● **Raw data**
☆ ☆ ☆ ☆ ☆ ☆ ☆

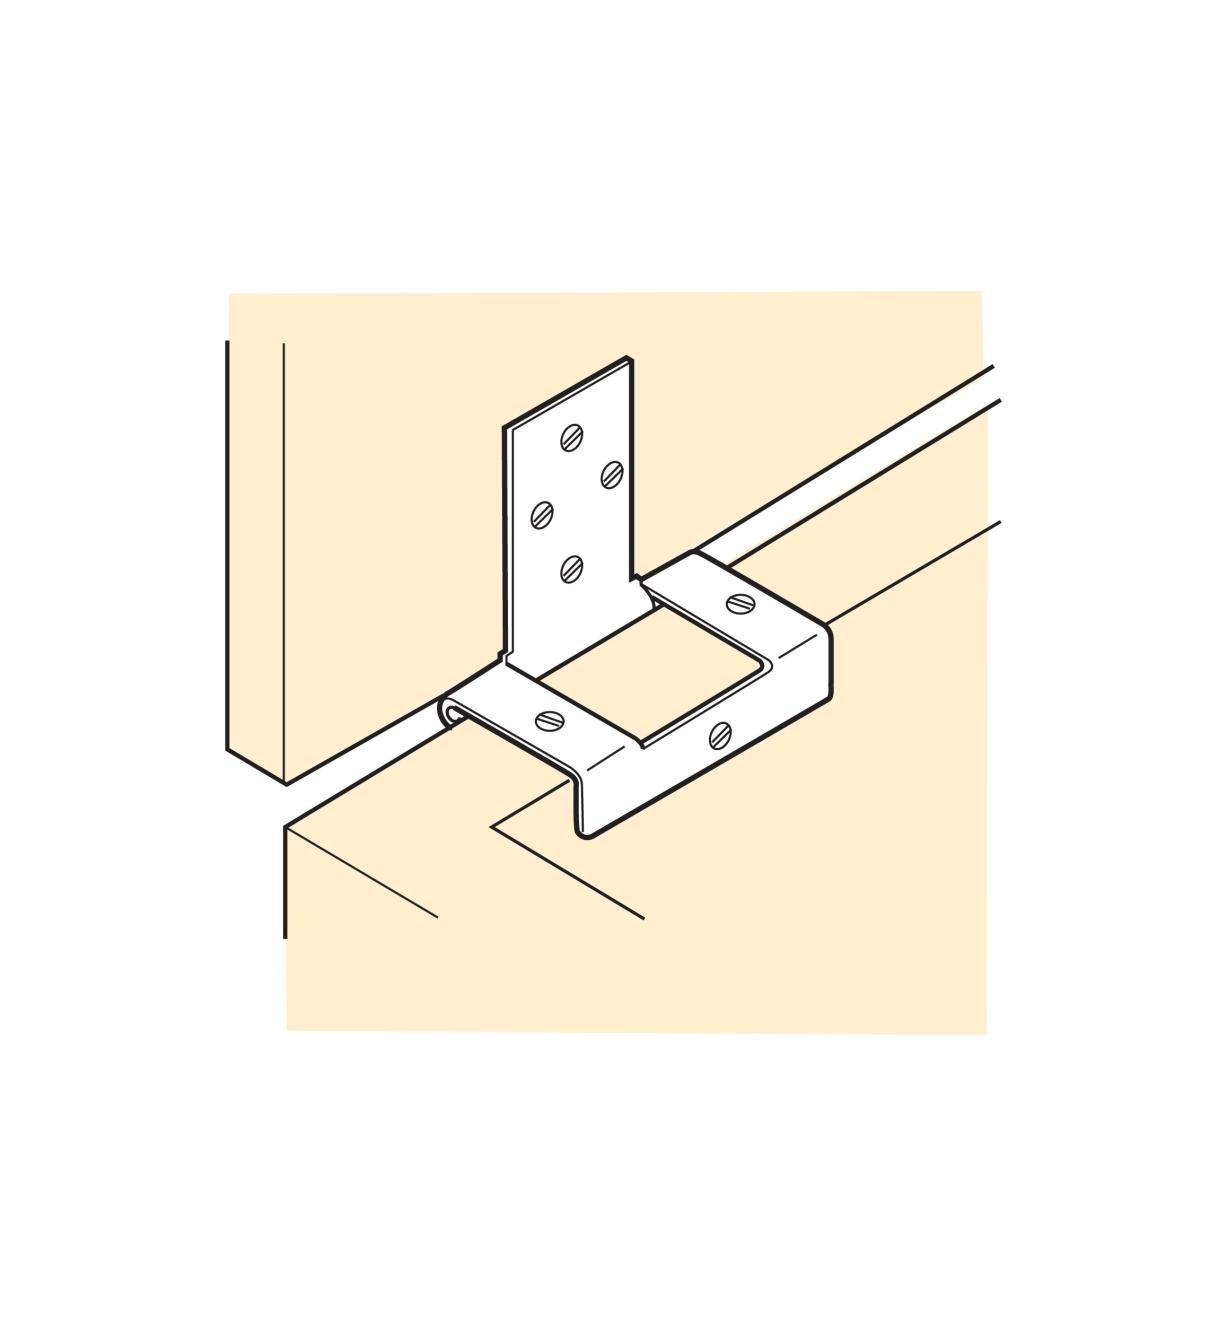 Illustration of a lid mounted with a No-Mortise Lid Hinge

☆ ☆ ☆ ☆ ☆ ☆ ☆

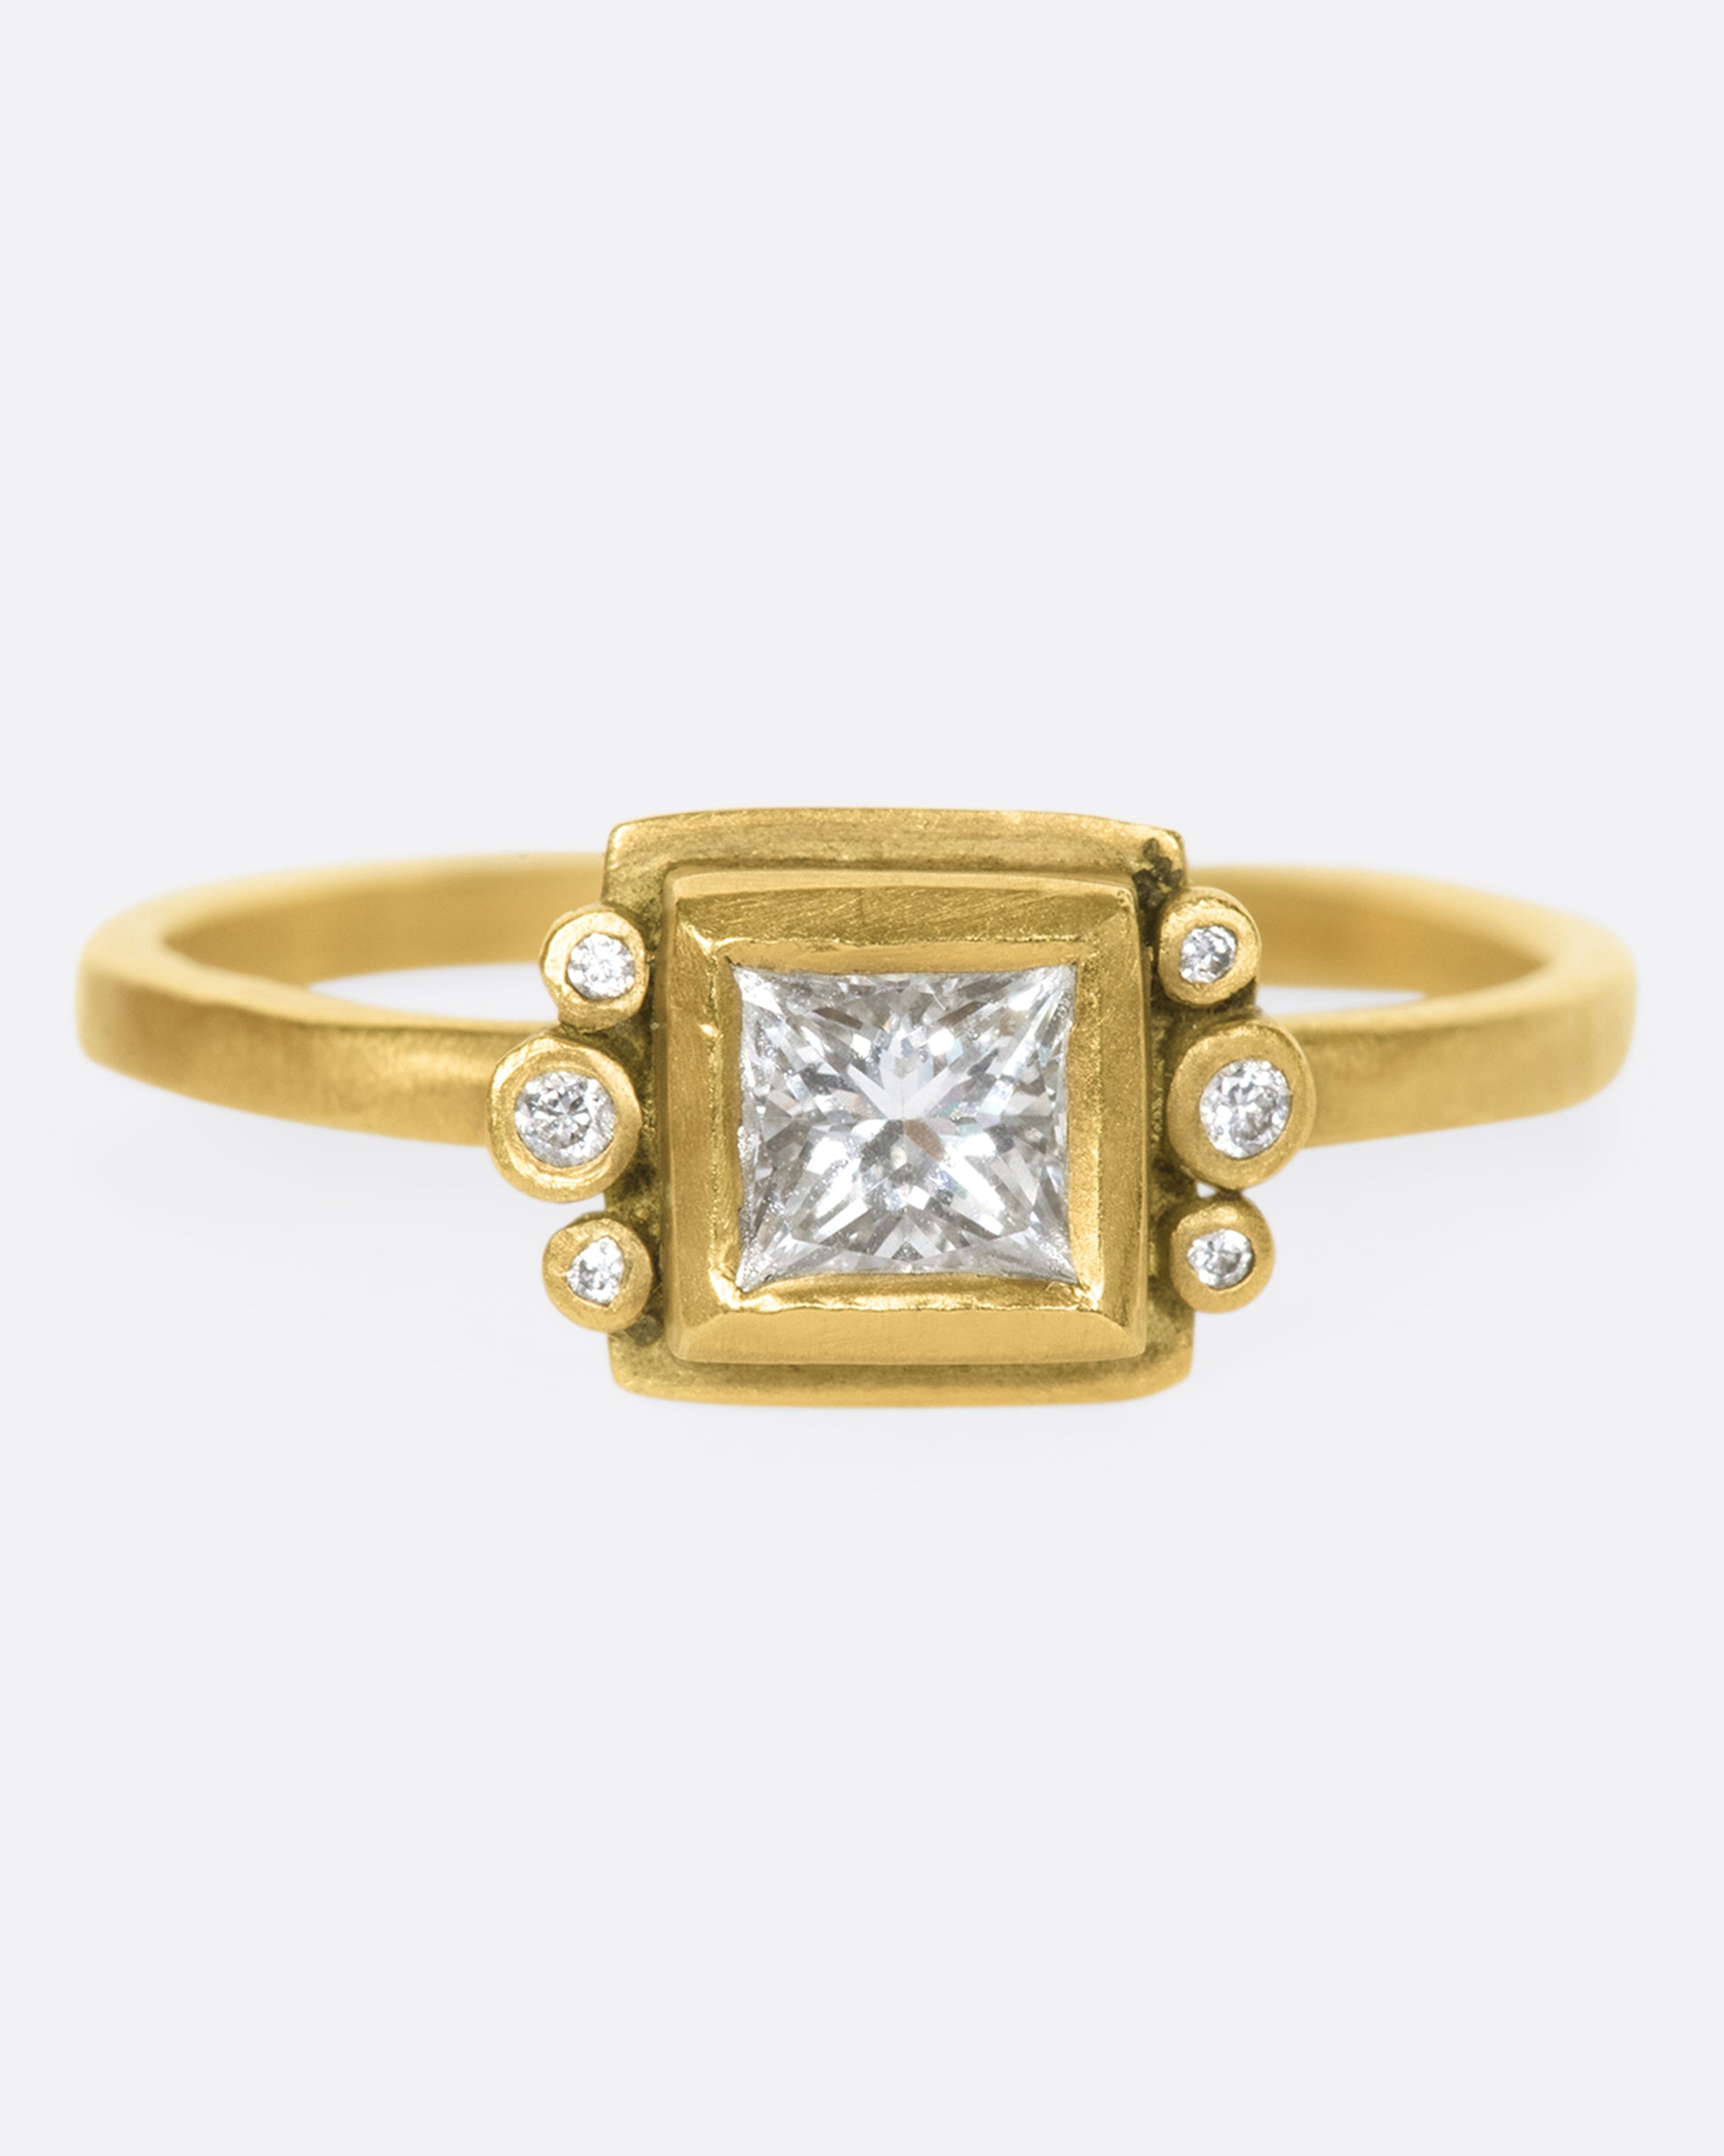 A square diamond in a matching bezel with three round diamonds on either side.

☆ ☆ ☆ ☆ ☆ ☆ ☆

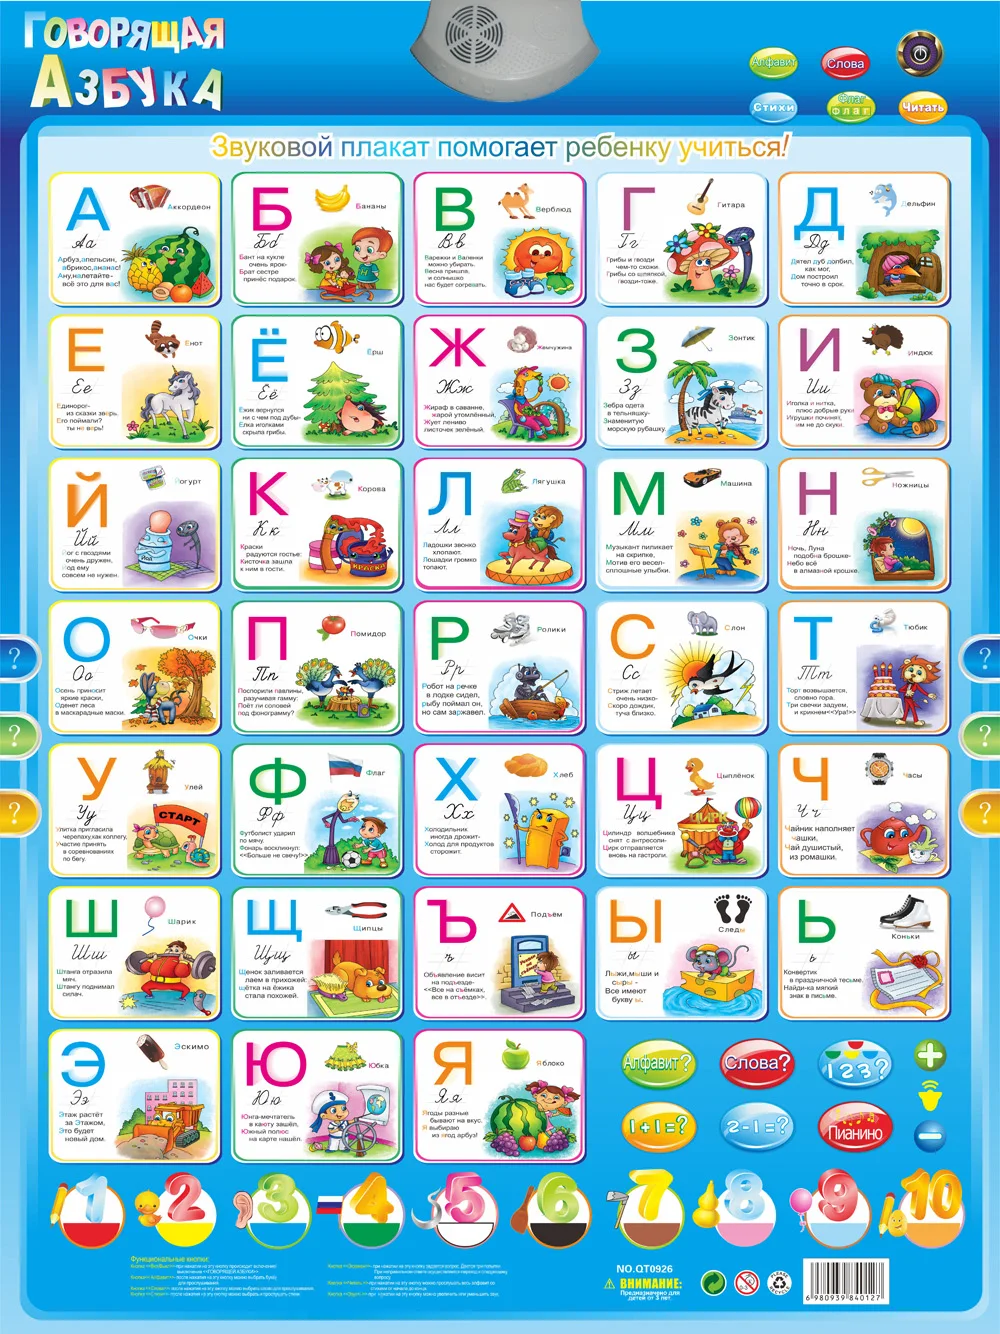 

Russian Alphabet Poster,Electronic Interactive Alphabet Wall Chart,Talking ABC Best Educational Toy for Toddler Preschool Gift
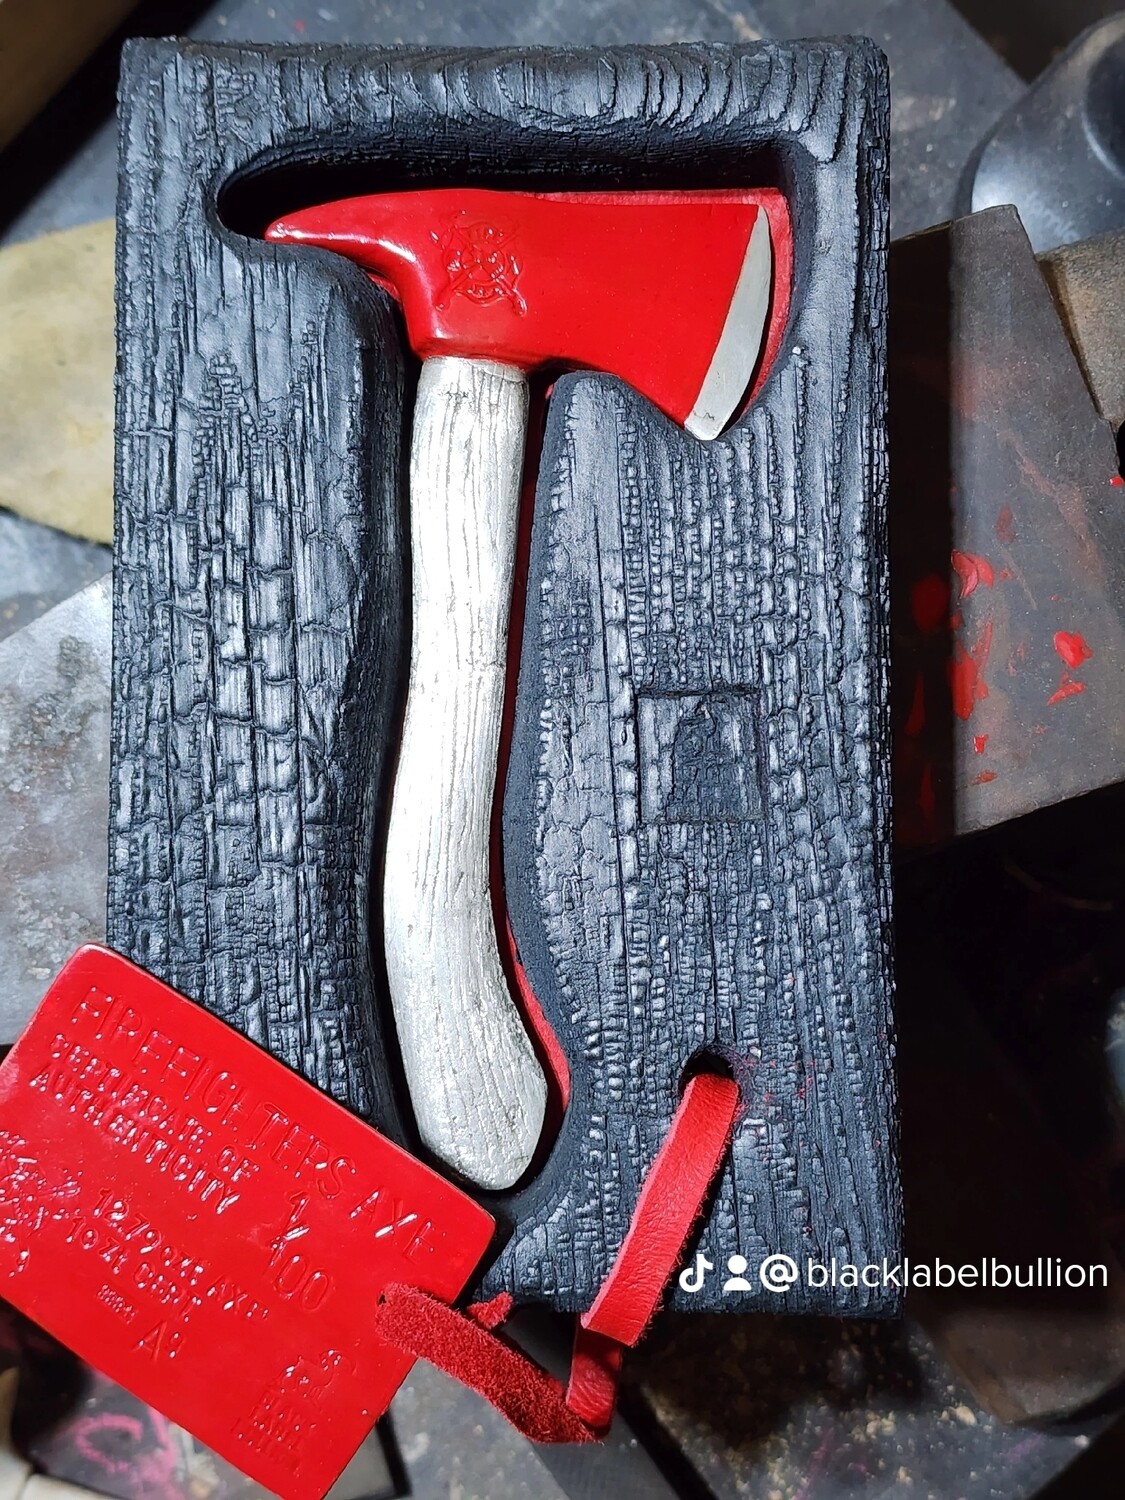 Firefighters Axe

☆ ☆ ☆ ☆ ☆ ☆ ☆

● **Work task**
Above are the records; return the lines in them from the one with "Russian Alphabet Poster,Electronic" to the one with "Firefighters Axe", inclusive, exactly and without images.

● **Solved problem**
Russian Alphabet Poster,Electronic Interactive Alphabet Wall Chart,Talking ABC Best Educational Toy for Toddler Preschool Gift
 Firefighters Axe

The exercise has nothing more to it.